Le système de bonus-malus attaché à un contrat d’assurance automobile soulève une question fréquente en cas de succession : l’héritier peut-il récupérer le bonus du défunt ? En principe, le coefficient de réduction-majoration est attaché au conducteur assuré, non au véhicule lui-même. Certaines compagnies acceptent toutefois de tenir compte de l’historique familial, par exemple lorsque le conjoint survivant ou un enfant conduisait déjà régulièrement le véhicule comme conducteur secondaire déclaré. Dans ce cas, l’assureur peut proposer un transfert avantageux du niveau de bonus.

Pour un héritier qui n’était pas assuré auparavant ou qui dispose d’un malus, la reprise d’un véhicule en succession est l’occasion de renégocier son profil avec les assureurs. Certains mettent en avant des offres spécifiques « jeune conducteur » ou « conducteur secondaire devenu principal » pour atténuer le surcoût. Là encore, la transparence est de mise : mieux vaut fournir un relevé d’information complet et discuter avec votre conseiller plutôt que de laisser planer un doute sur votre expérience réelle au volant. En résumé, le véhicule en succession n’est pas seulement un actif matériel, il peut aussi devenir un levier pour optimiser votre historique d’assurance, à condition de bien négocier.

Contrôle technique et mise en conformité du véhicule avant cession ou utilisation

Dernier maillon de la chaîne, mais non le moindre : la mise en conformité technique du véhicule hérité.

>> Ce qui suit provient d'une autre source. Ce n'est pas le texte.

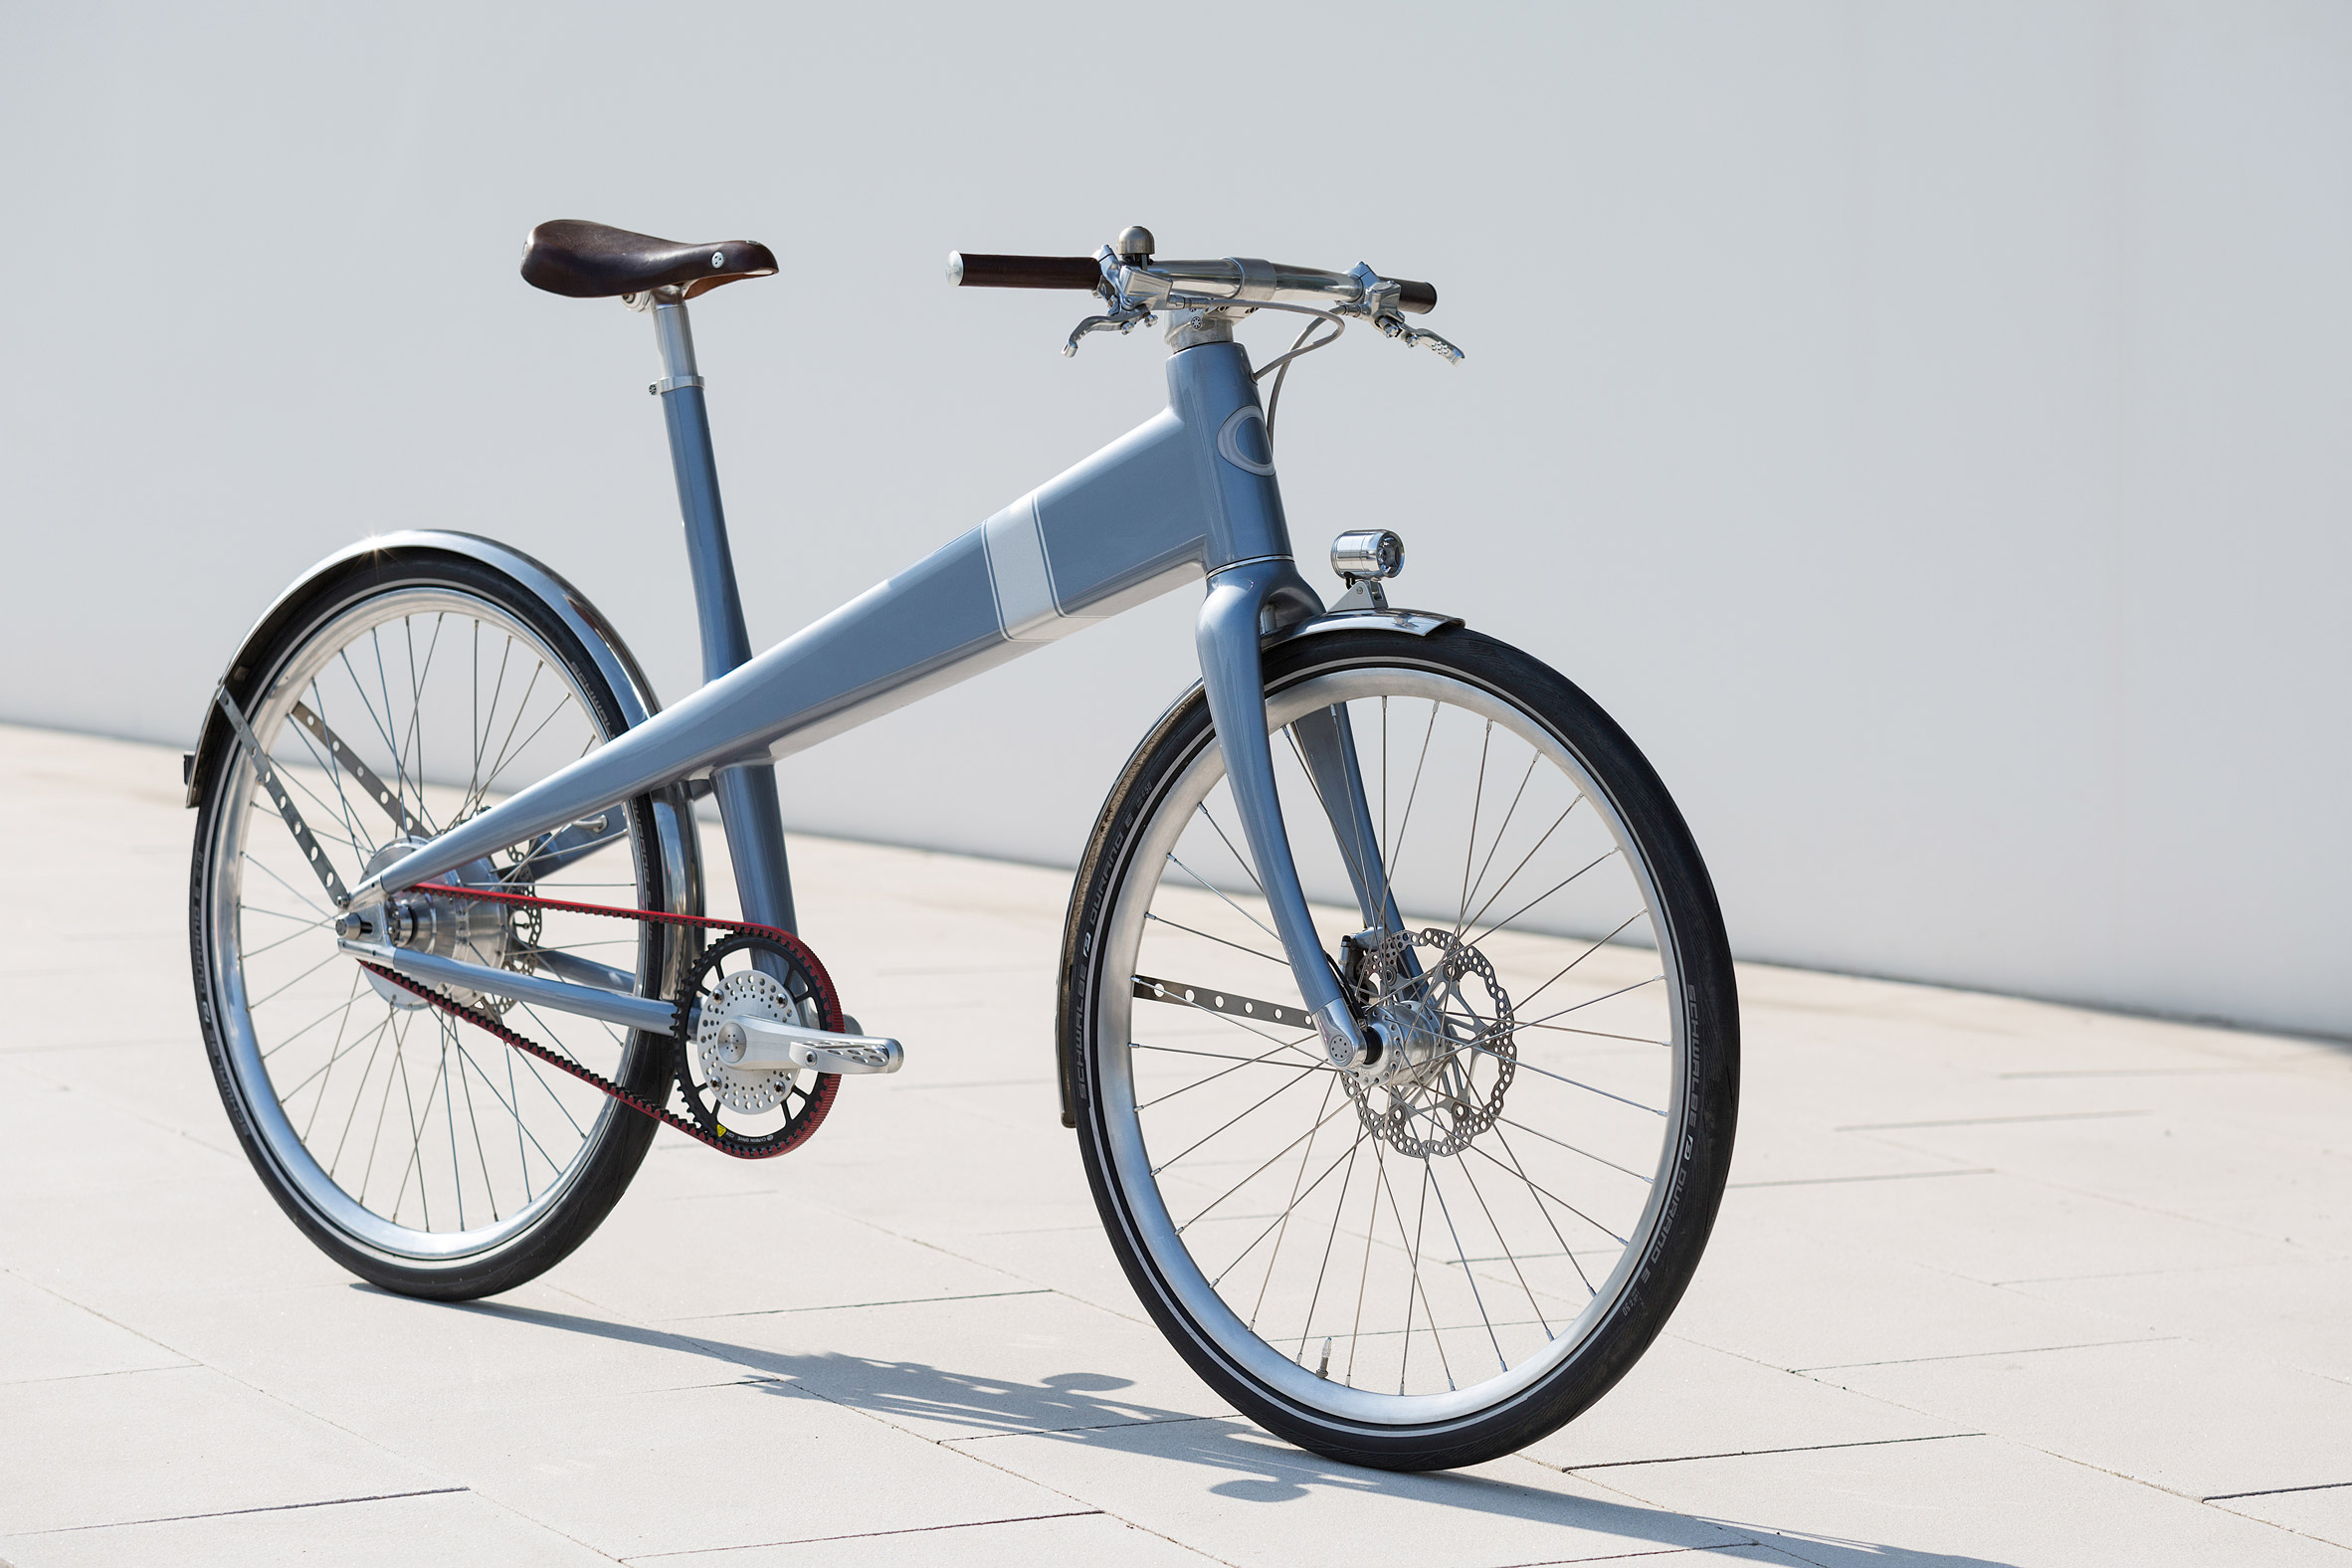 French bicycle company Coleen pays homage to Jean Prouvé's 1941 design with latest e-bike

Avant de pouvoir être vendu ou utilisé régulièrement, le véhicule doit répondre aux exigences du contrôle technique, sous peine d’immobilisation et de sanctions. Cette étape est d’autant plus cruciale que de nombreux véhicules intégrés aux successions sont anciens, parfois peu entretenus, et n’ont pas passé de contrôle depuis plusieurs années.

Pour les voitures de plus de quatre ans, un contrôle technique de moins de six mois est exigé au moment de la vente à un particulier, ou de moins de deux mois en cas de contre-visite prescrite. Si l’héritier conserve le véhicule, la règle est plus souple : le contrôle doit simplement être en cours de validité pour que l’ANTS accepte le changement de titulaire. Néanmoins, au-delà de l’aspect administratif, il en va avant tout de la sécurité. Un véhicule mal entretenu peut se révéler dangereux pour son conducteur, ses passagers et les autres usagers de la route.

En pratique, il est souvent judicieux de faire réaliser un contrôle technique dès que possible après l’ouverture de la succession, surtout si vous envisagez de vendre le véhicule. Ce diagnostic complet vous donnera une vision claire des travaux éventuels à prévoir et de l’impact sur le prix de vente. Vous pouvez alors choisir entre effectuer les réparations nécessaires pour valoriser la voiture, ou la céder en l’état à un prix ajusté, en toute transparence avec l’acheteur. Comme pour une maison héritée nécessitant des travaux, mieux vaut entrer dans la négociation en connaissant précisément l’état du bien plutôt que de découvrir les mauvaises surprises au moment de la transaction.